Rock legend Rod Stewart was playing an exclusive gig for Carmignac Gestion investors following its latest investor conference and the crowd’s excitement was palpable.

While it took a few songs to loosen up, by the time Stewart’s rendition of ‘Twistin’ the Night Away’ came on, the entire audience was on its feet.

It seems Carmignac were not lying in their latest monthly newsletter when they said 2012 would be a ‘rock’n’roll year', but few could have predicted that Edouard Carmignac himself (pictured above with Rod Stewart) would be the very one kicking off the year in such a rocking fashion.


 

It was a rather bizarre experience, an entire theatre hired out for a single corporate event. No guest speakers or announcements, simply a closed gig in which Edouard Carmignac rubbed shoulders with a rock star.

You could argue this was Carmignac showing he is not afraid to take a contrarian position – while policymakers are all talking austerity, he hires a rock star to entertain his investors.

The crowds’ growing enthusiasm during the gig is a somewhat fitting analogy for the overall mood and expectations of the Parisian investment community that I met with last week.

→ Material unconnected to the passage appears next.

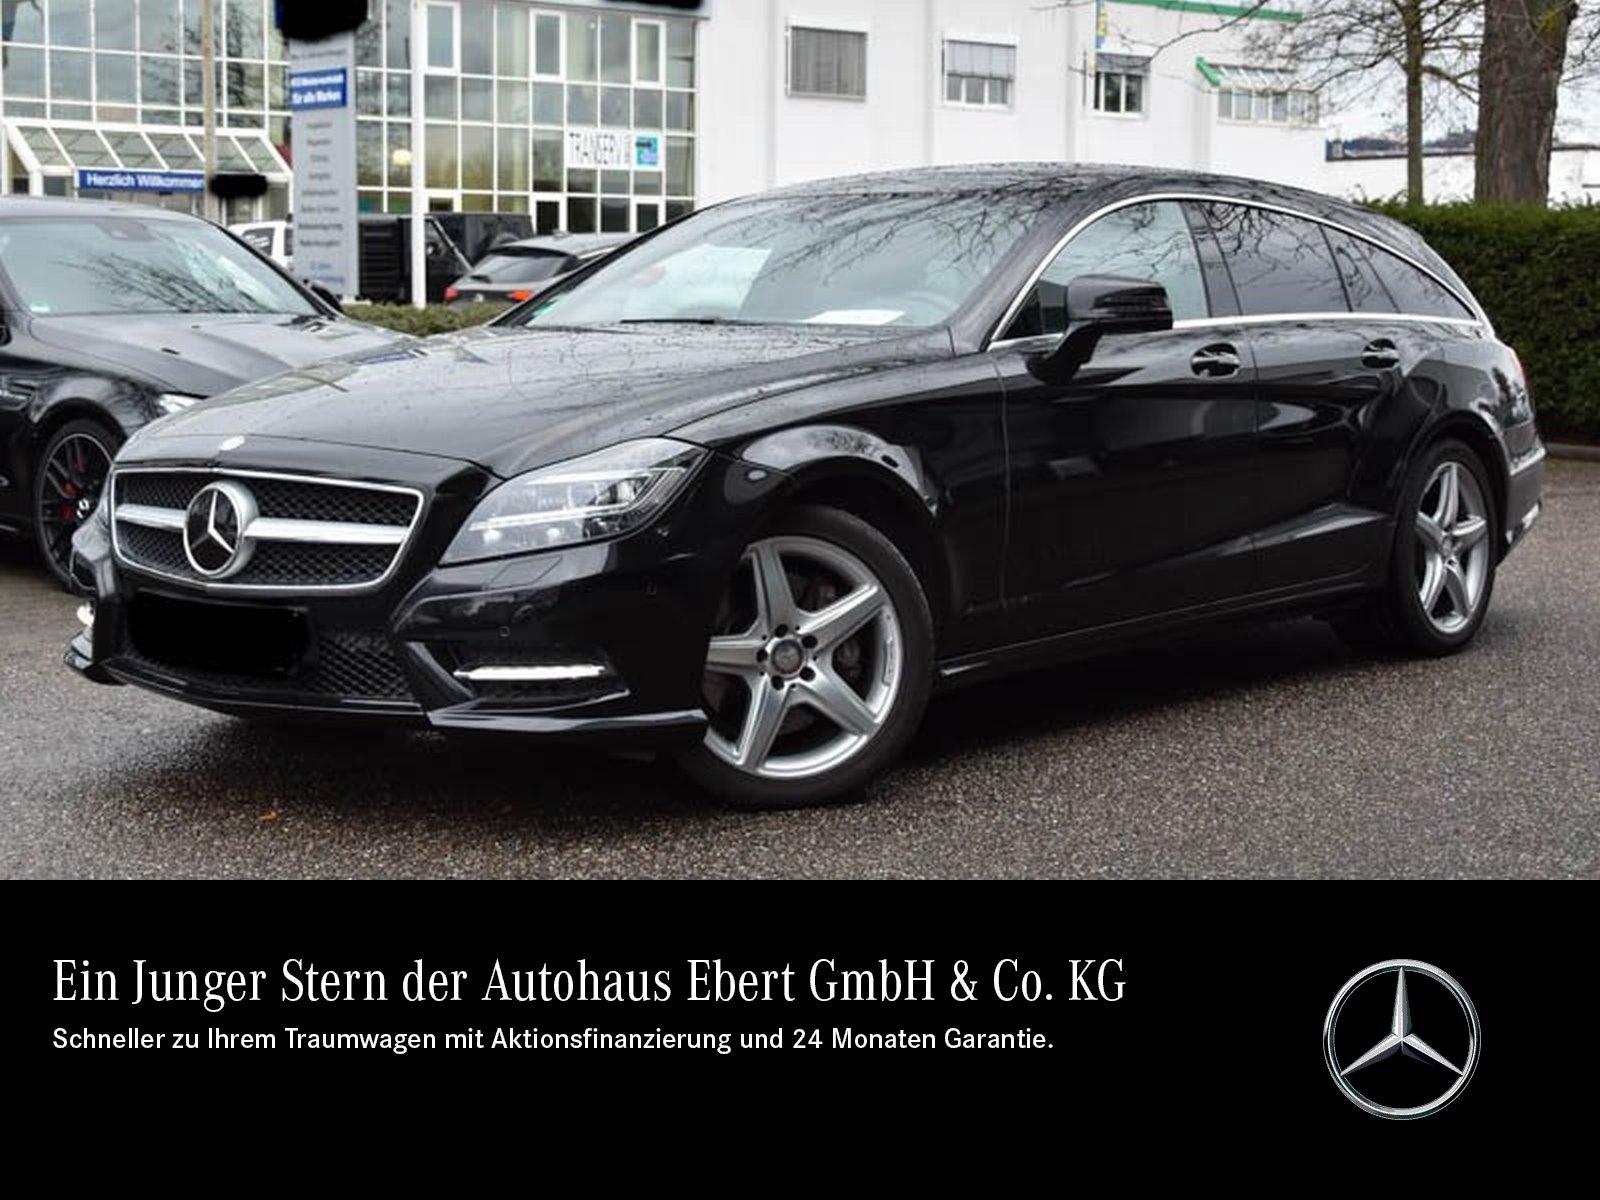 Mercedes-Benz CLS 350 CDI SB AMG COMAND+RFK+BURM+LED+DISTRONIC, Jahr 2014, Diesel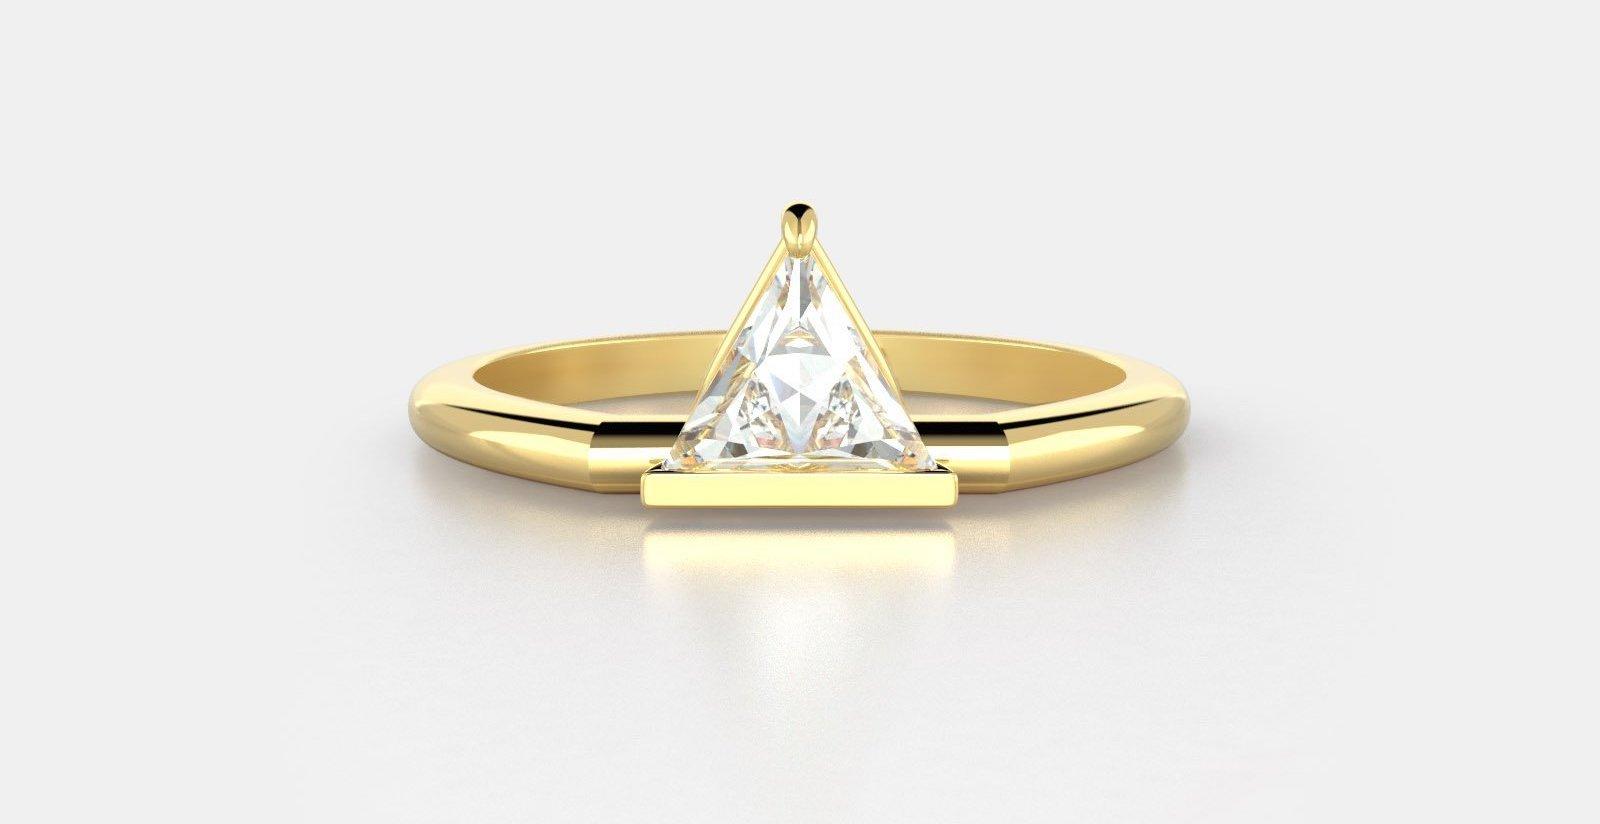 Mason No. 5 a bar set triangle diamond in 18K yellow gold.

One leading French fund manager summed it up rather well – ‘measured optimism’ she called it.

The gloomy predictions at the end of last year following the gruelling summer were overly pessimistic, many told me. Good companies’ valuations will soon begin to creep up in 2012 and choices made now will prove decisive in the coming months.

‘Equities are not the devil and bonds are not the be-all and end-all’, as one fund selector put it.

What about the French downgrade? Well that has had little or no effect on their strategy. Expected and predictable, even if S&P had already made the faux pas of publishing it weeks before the official statement by mistake.

Tactical and stock-picking prowess will be the key to making returns in 2012 one selector told me, and those types of managers are tthe most sought-after at the start of the year.

Rendez-vous in six months’ time to see if this prudent optimism was justified.